President Lyndon B. Johnson had urged her to consider accepting either the ambassadorship to Mexico or France shortly after he succeeded to office upon her husband’s assassination, but she felt her responsibility to her two young children would prevent her from carrying out the duties required of such a post.
One must search back to the even before the beginning of the presidency to find another example and it is one involving not a former First Lady – but a future one, in a time predating the actual creation of the United States.
In 1775, along with the highly-educated and outspoken Mercy Otis Warren of Massachusetts and Hannah Winthrop, the wife of the governor of the Massachusetts colony, Abigail Adams, described as being a “farmeress,” was appointed by the colony’s General Court to question several “Tory” women loyal to the British crown for suspicion of their activities undermining the fight for independence.
Details about what this entailed and for how long they conducted this work is vague and barely chronicled, but there is documentation in the way of her husband’s response upon hearing the news.
At the time John Adams was then in Philadelphia, serving on the Second Continental Congress committee which would draft the Declaration of Independence a year later.
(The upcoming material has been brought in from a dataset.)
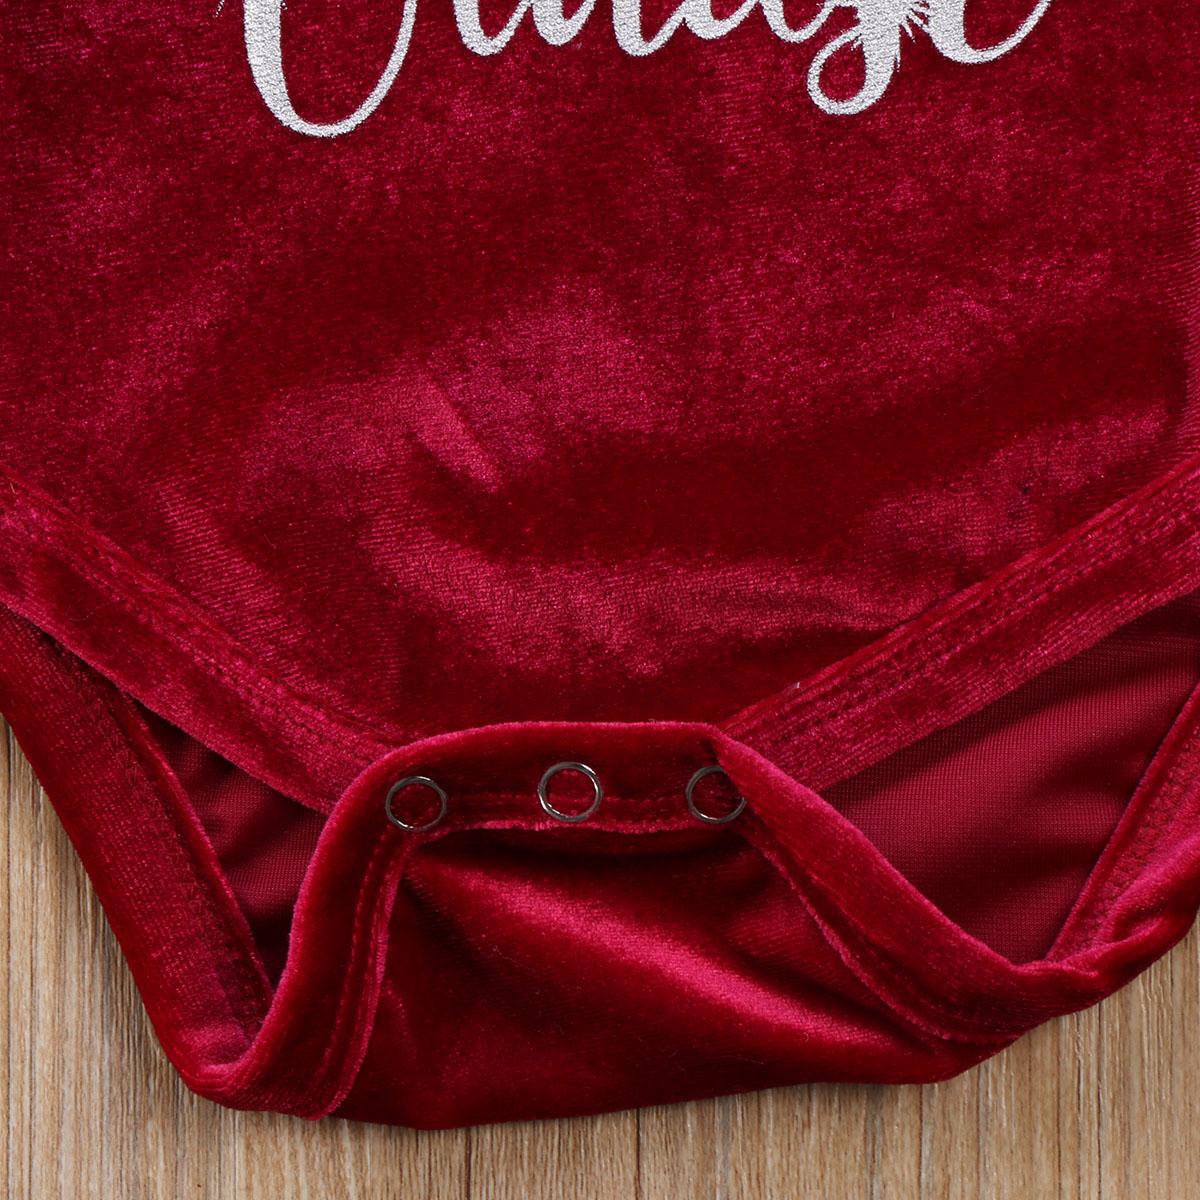 HTB1J3jzc4rI8KJjy0Fpq6z5hVXar Pudcoco 2017 New Pleuche Christmas Baby Girls Romper long sleeves infant newborn baby jumpsuit princess plush clothes xmas gift

He wrote to Abigail Adams with pride:
“…you are now a politician and now elected to any important office, that of judgess of the Tory ladies, which will give you, naturally, an influence with your sex…”
Mrs. Adams appreciated the sentiment.
Still, if as her husband put it, she “naturally” had derivative political influence due to who she was married to, she also wanted it to be legally ensured for all women and not just a privileged few:
“I desire you wold remember the ladies and be more generous and favorable to them than your ancestors!….If particular care and attention is not paid to the ladies, we are determined to foment a rebellion, and will not hold ourselves bound by any laws in which we have no voice or representation.”